Some collectors either require specific permissions for complete collection or should be executed on a ClickHouse host. We aim to collate these requirements below:

  • system_db - This collect aims to collect all tables in the system database. Some tables may fail if certain features are not enabled. Specifically,allow_introspection_functions is required to collect the stack_traces table. access_management must be set for the ClickHouse user specified for collection, to permit access to access management tables e.g. quota_usage.
  • db_logs- The ClickHouse user must have access to the tables query_log,query_thread_log and text_log.
  • logs - The system user under which the tool is executed must have access to the logs directory. It must therefore also be executed on the target ClickHouse server directly for this collector work. In cases where the logs directory is not a default location e.g. /var/log/clickhouse-server we will attempt to establish the location from the ClickHouse configuration. This requires permissions to read the configuration files - which in most cases requires specific permissions to be granted to the run user if you are not comfortable executing the tool under sudo or the clickhouse user.
  • summary- This collector executes pre-recorded queries. Some of these read tables concerning access management, thus requiring the ClickHouse user to have the access_management permission.
  • config - This collector reads and copies the local configuration files. It thus requires permissions to read the configuration files - which in most cases requires specific permissions to be granted to the run user if you are not comfortable executing the tool under sudo or the clickhouse user.

If a collector cannot collect specific data because of either execution location or permissions, it will log a warning to the terminal.

Logging

All logs are output to stderr. stdout is used exclusively for outputs to print information.

Configuration file

In addition to supporting parameters via the command line, a configuration file can be specified via the --config, -f flag.

By default, we look for a configuration file clickhouse-diagnostics.yml in the same directory as the binary. If not present, we revert to command line flags.

Values set via the command line values always take precedence over those in the configuration file.

All parameters can be set via the configuration file and can in most cases be converted to a yaml hierarchy, where periods indicate a nesting. For example,

--collector.system_db.row_limit=1

becomes

collector:
  system_db:
    row_limit: 1

The following exceptions exist to avoid collisions:

Command Parameter Configuration File
collect output collect.output
collect collectors collect.collectors

FAQ

  1. Does the collector need root permissions?

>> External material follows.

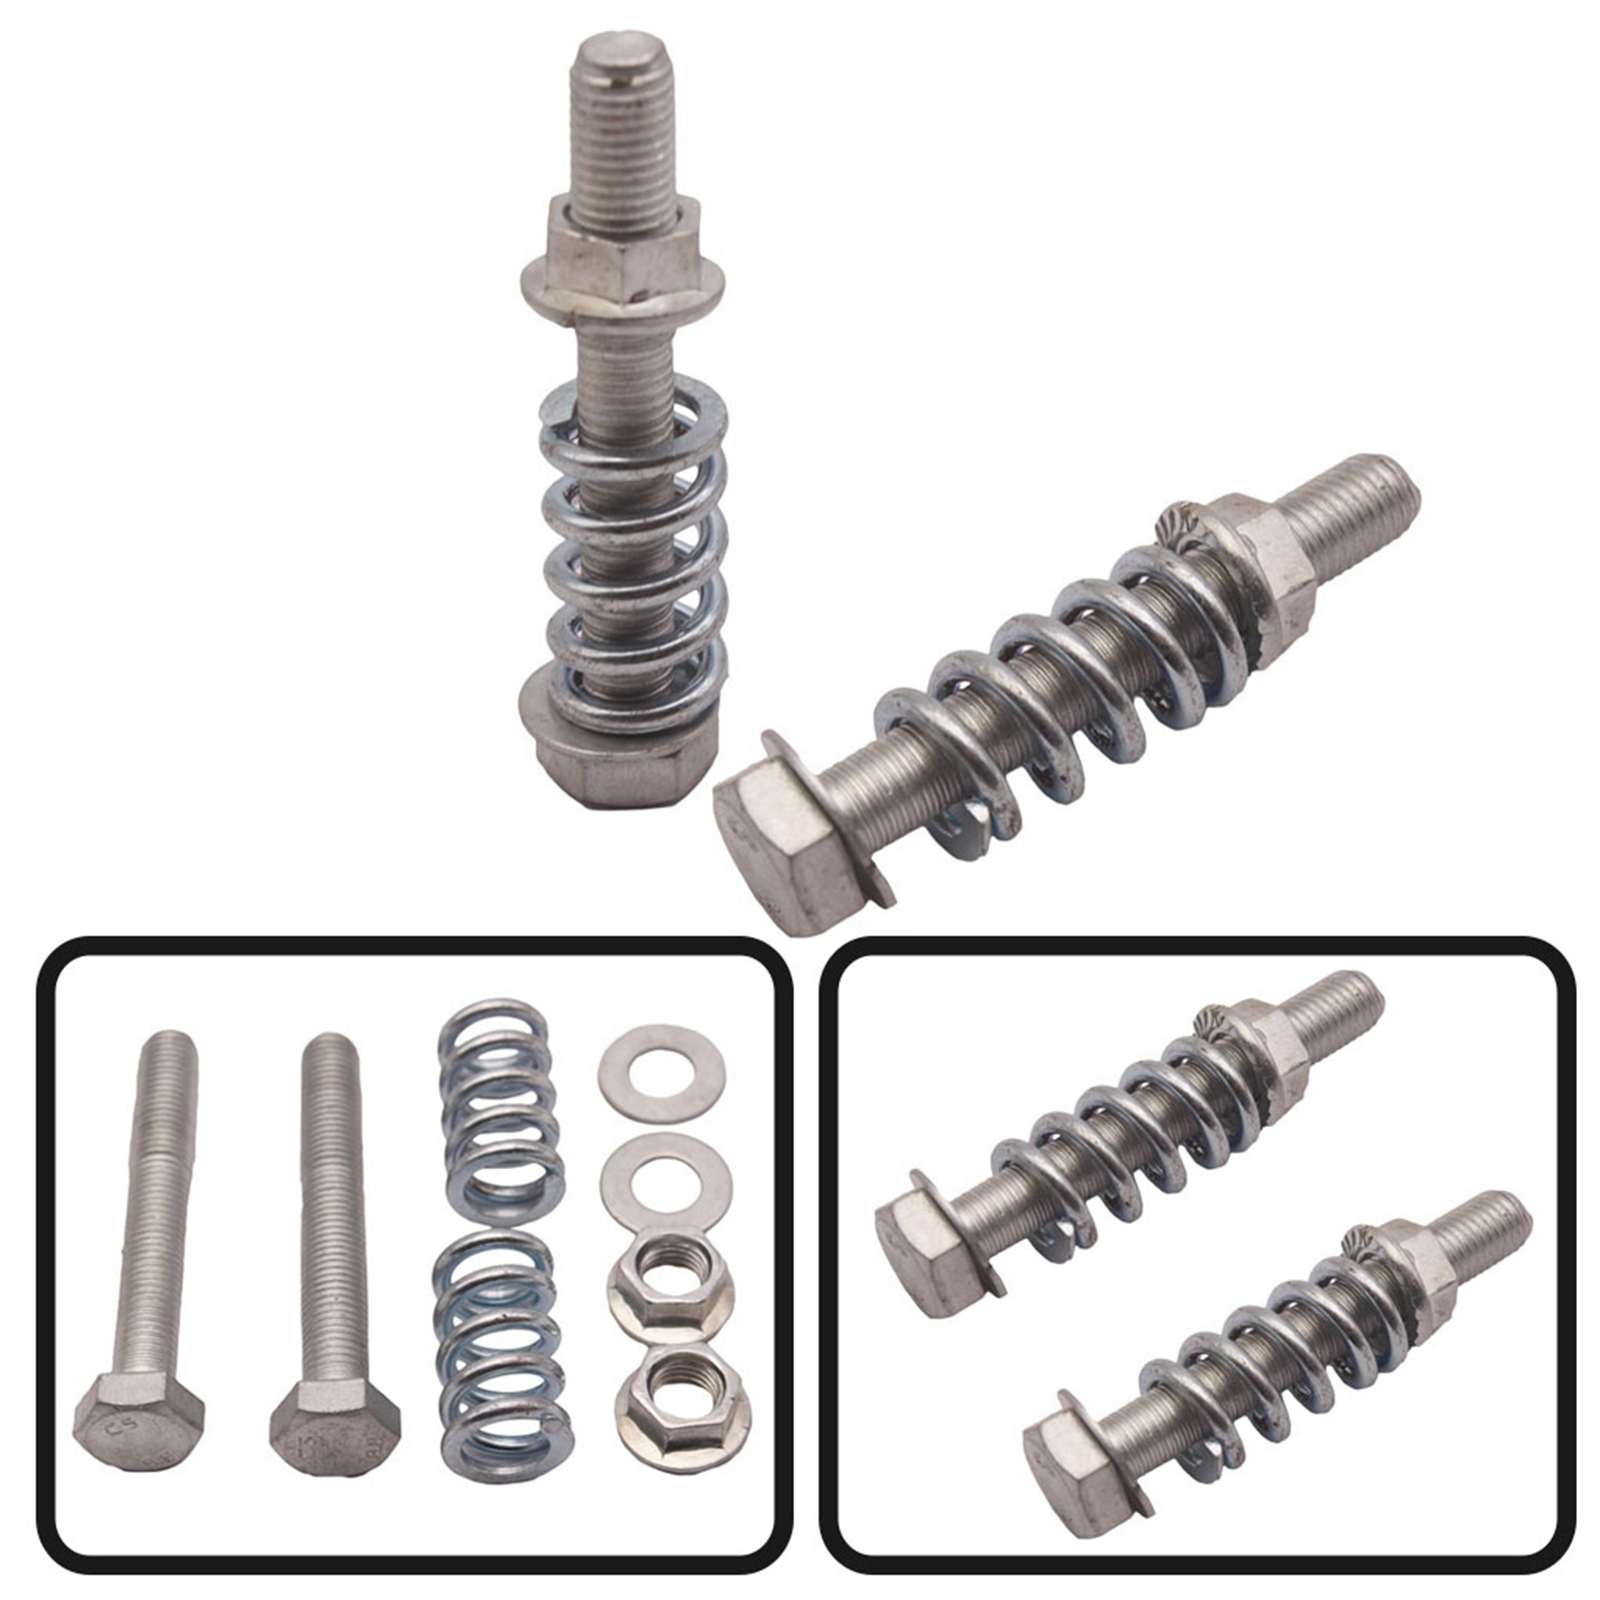 2x M10x1.5 Exhaust Bolt and Spring Hardware Set Repair Parts Professional
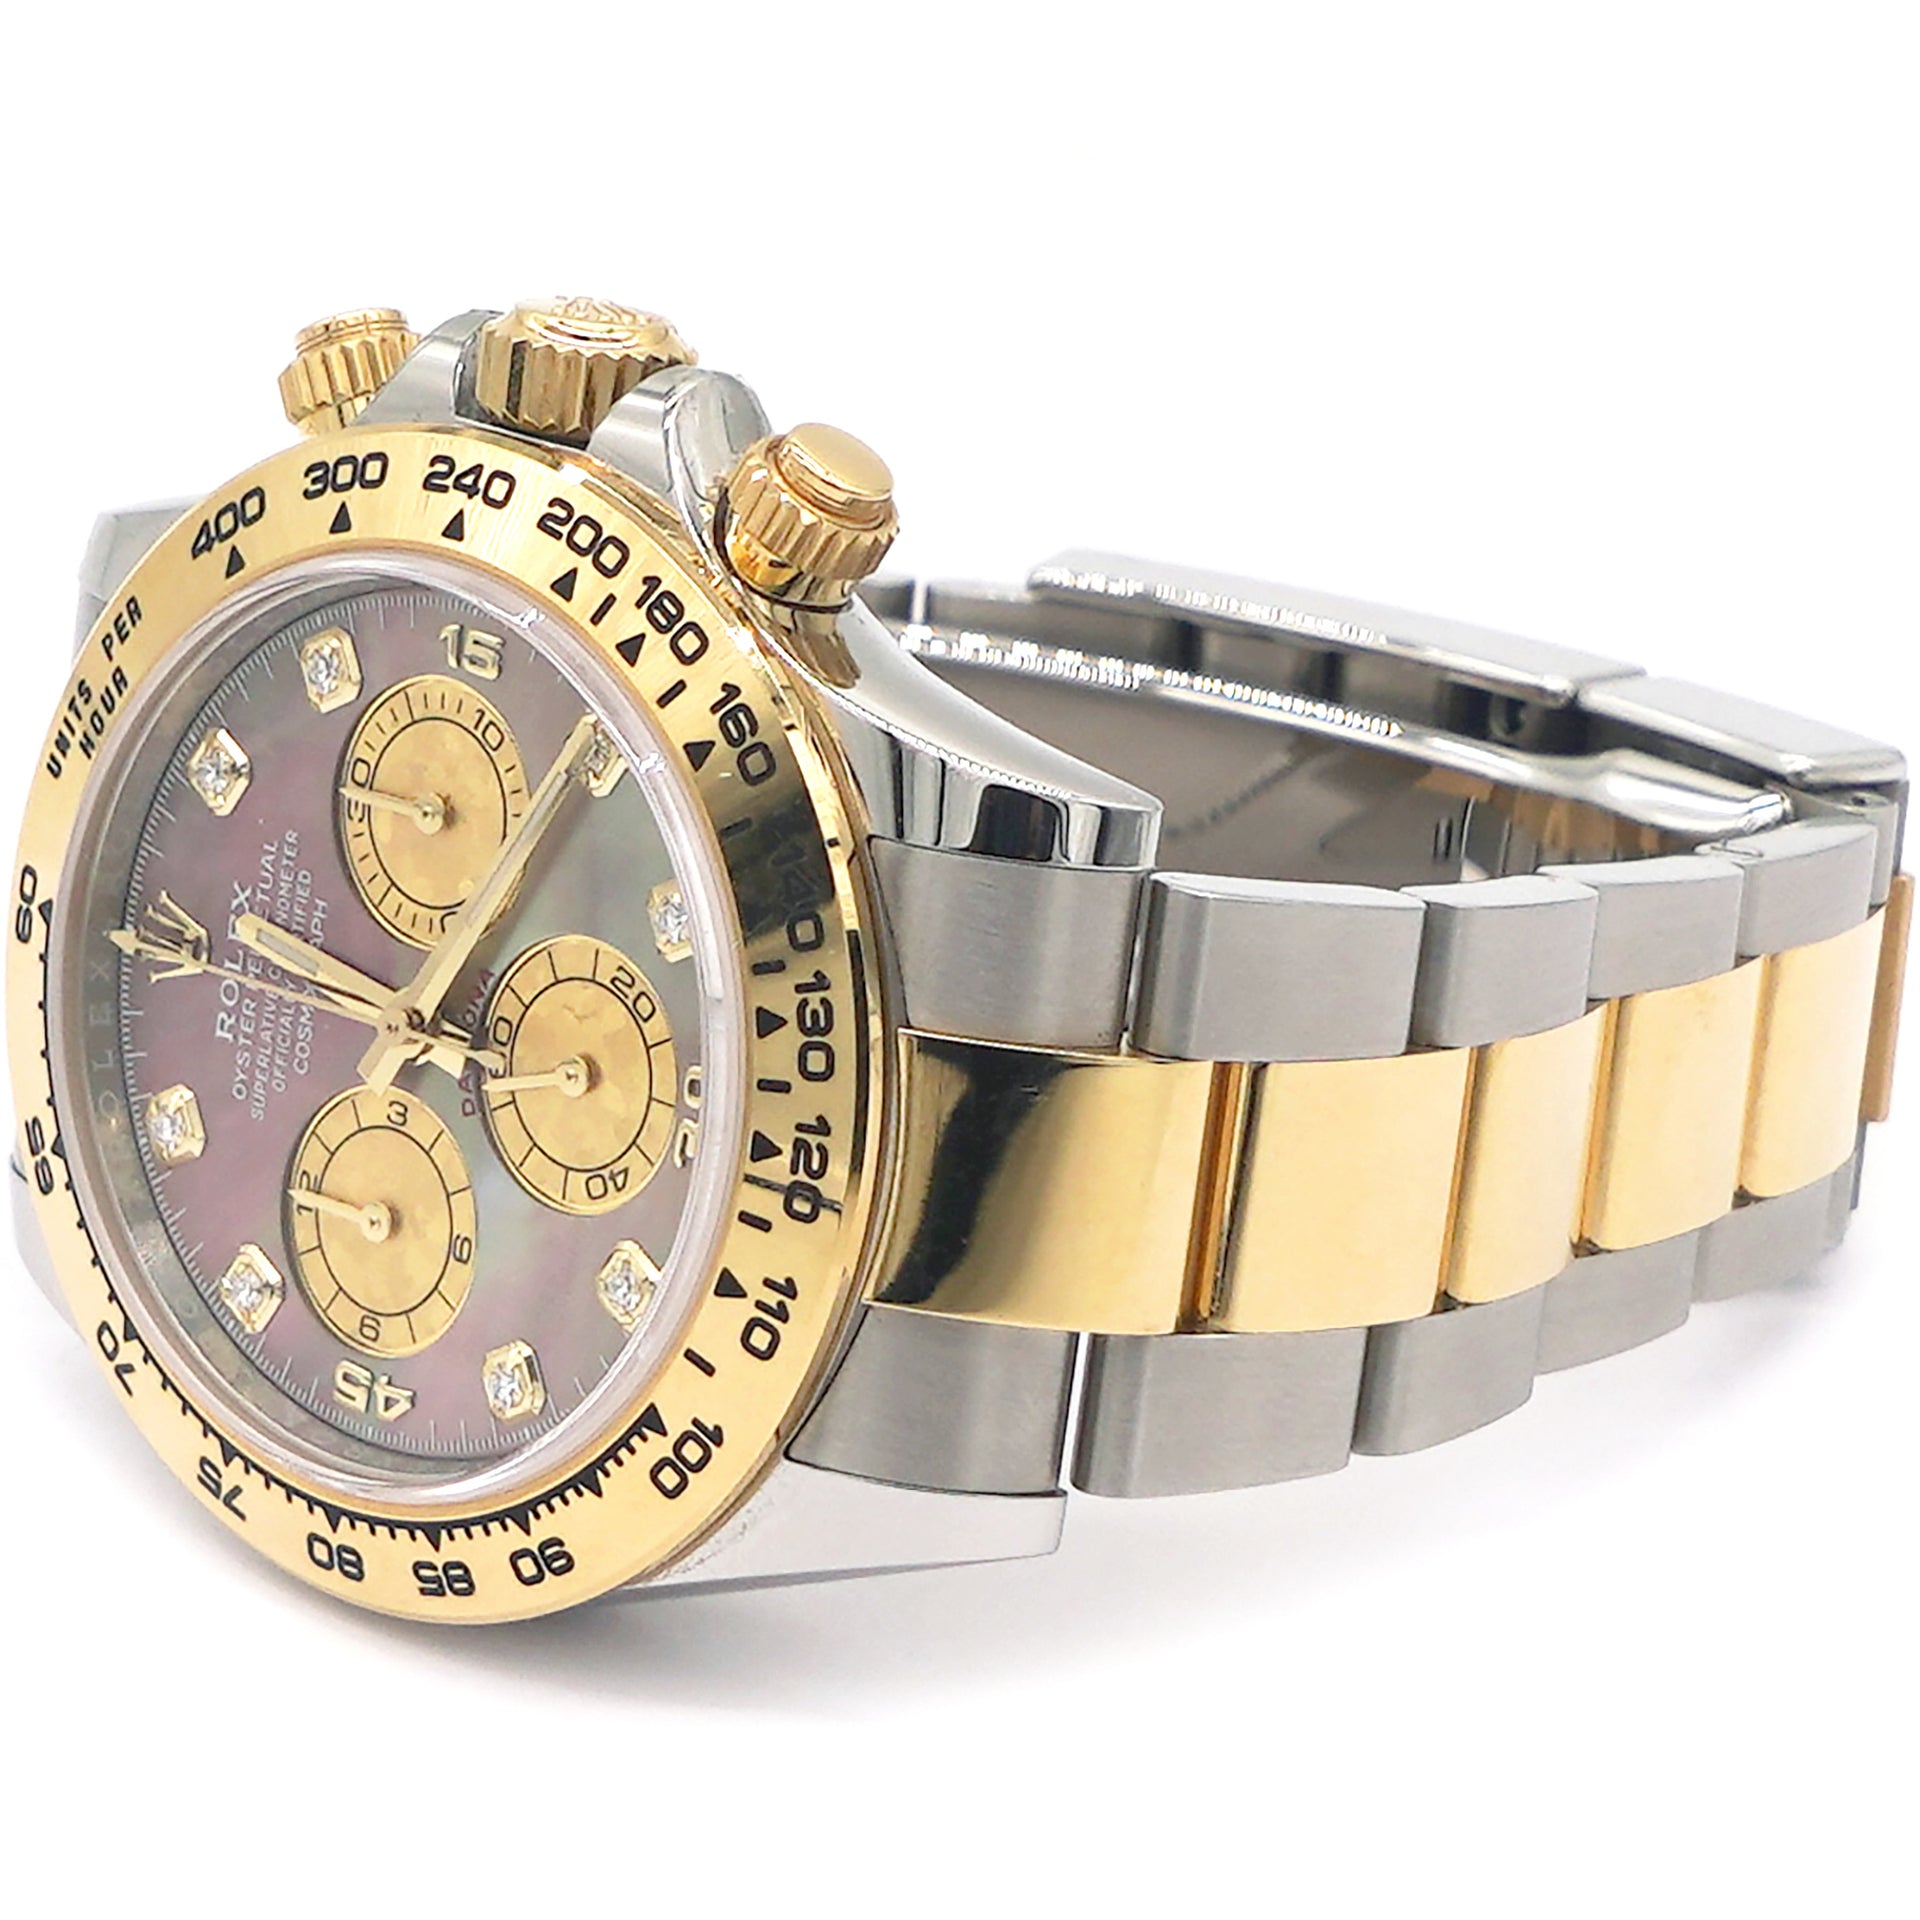 Cosmograph Daytona Oystersteel and Yellow Gold 40mm M116503

    No. However, to read some local files e.g. configurations, the tool should be executed as the clickhouse user.

  2. What ClickHouse database permissions does the collector need?

    Read permissions on all system tables are required in most cases - although only specific collectors need this. Access management permissions will ensure full collection.

  3. Is any processing done on logs for anonimization purposes?

    Currently no. ClickHouse should not log sensitive information to logs e.g. passwords.

  4. Is sensitive information removed from configuration files e.g. passwords?

    Yes. We remove both passwords and hashed passwords. Please raise an issue if you require further information to be anonimized. We appreciate this is a sensitive topic.